Tribunal judiciaire de Paris, le 8 octobre 2025, n°2025R00172

Le tribunal judiciaire de Paris, statuant en référé le 8 octobre 2025, a examiné une demande d’une société de caution. Cette dernière sollicitait la remise de documents et d’une signalétique par une agence immobilière défaillante. Les défendeurs, régulièrement assignés, ne sont pas comparus à l’audience. Le juge a donc statué sur le fond en l’absence de toute contestation. La question était de savoir si les conditions du référé étaient réunies pour ordonner l’exécution d’obligations de faire. L’ordonnance a fait droit aux demandes en prononçant une astreinte et une condamnation au titre de l’article 700 du code de procédure civile.
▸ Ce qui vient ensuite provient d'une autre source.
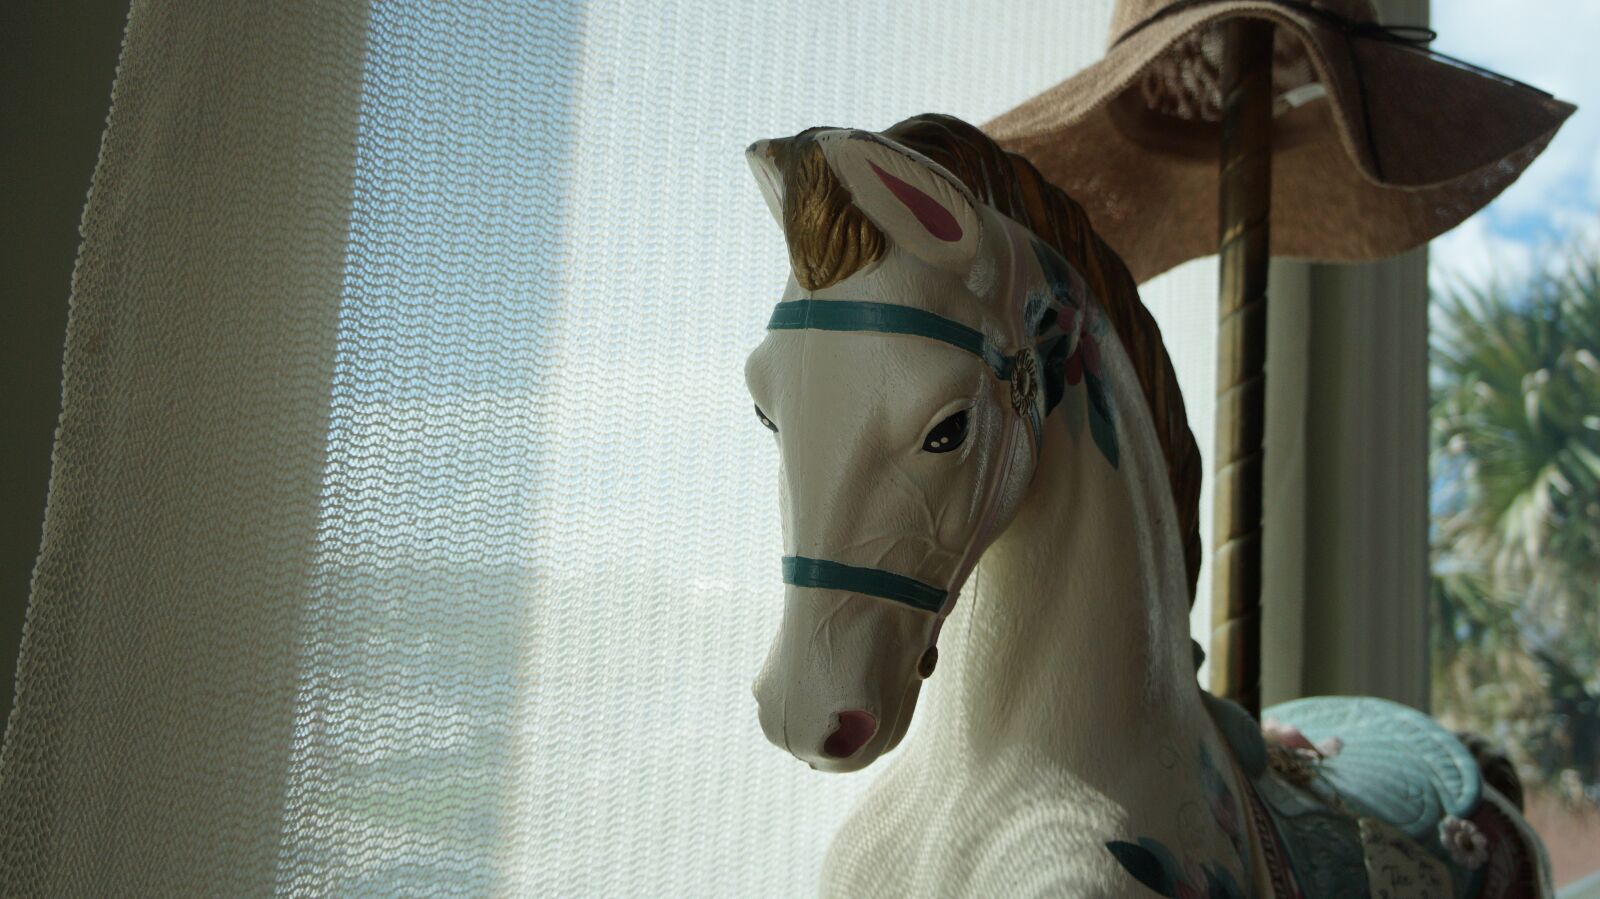 Sony Alpha a3000 sample photo. Horse, carousal, decor photography

Le renforcement des pouvoirs du juge des référés en cas de défaut

La décision illustre d’abord l’effectivité de la procédure malgré l’absence d’une partie. Le juge applique strictement l’article 472 du code de procédure civile. Il statue sur le fond même en cas de non-comparution du défendeur. La régularité de la demande est alors appréciée sur la seule base des pièces du demandeur. Cette solution garantit l’efficacité de la justice et sanctionne l’inertie procédurale. Elle prévient toute stratégie dilatoire fondée sur une simple abstention. La portée est pratique et dissuasive pour les débiteurs récalcitrants.

Le juge vérifie ensuite le bien-fondé de la demande au regard des textes applicables. Il constate l’existence d’obligations contractuelles et réglementaires précises. « L’article 835 alinéa 2 du code de procédure civile dispose que, dans les cas où l’existence de l’obligation n’est pas sérieusement contestable, le président du tribunal judiciaire ou le juge des contentieux de la protection dans les limites de sa compétence peuvent toujours accorder en référé une provision au créancier ou ordonner l’exécution de l’obligation même s’il s’agit d’une obligation de faire. » (Tribunal judiciaire de Villefranche-sur-Saône, le 12 janvier 2026, n°25/00192) Le juge relève que la remise des documents n’a pas été effectuée. L’obligation est donc établie et non sérieusement contestable en l’espèce. Cette analyse permet de satisfaire aux exigences légales du référé. La valeur de la décision réside dans son application rigoureuse des conditions de l’article 873.

L’effectivité des mesures ordonnées et la sanction de la carence

La décision assure ensuite l’effectivité de la condamnation par des mesures coercitives. Le juge ordonne l’exécution sous astreinte de deux obligations de faire distinctes. La première vise la remise du registre répertoire prévu par un décret. La seconde concerne la restitution de l’intégralité de la signalétique remise à l’agence. L’astreinte est fixée à cinq cents euros par jour de retard pour chaque injonction. Cette double condamnation sous astreinte constitue un moyen de pression efficace. Elle vise à contraindre le débiteur à une exécution rapide et complète. La portée est préventive et incitative pour obtenir un résultat concret.

La décision comporte enfin une sanction pécuniaire de la carence du défendeur. Le juge alloue une somme au titre de l’article 700 du code de procédure civile. Il motive cette condamnation par les frais exposés pour engager l’action. Il estime inéquitable de laisser ces frais à la charge du demandeur. Le principe de l’exécution provisoire de droit est également rappelé. Cette approche répare partiellement le préjudice procédural subi. Elle compense les frais non compris dans les dépens judiciaires ordinaires. La valeur de la solution est corrective et équitable dans le cadre du référé.

Source : Cour de cassation – Base Open Data « Judilibre » & « Légifrance ».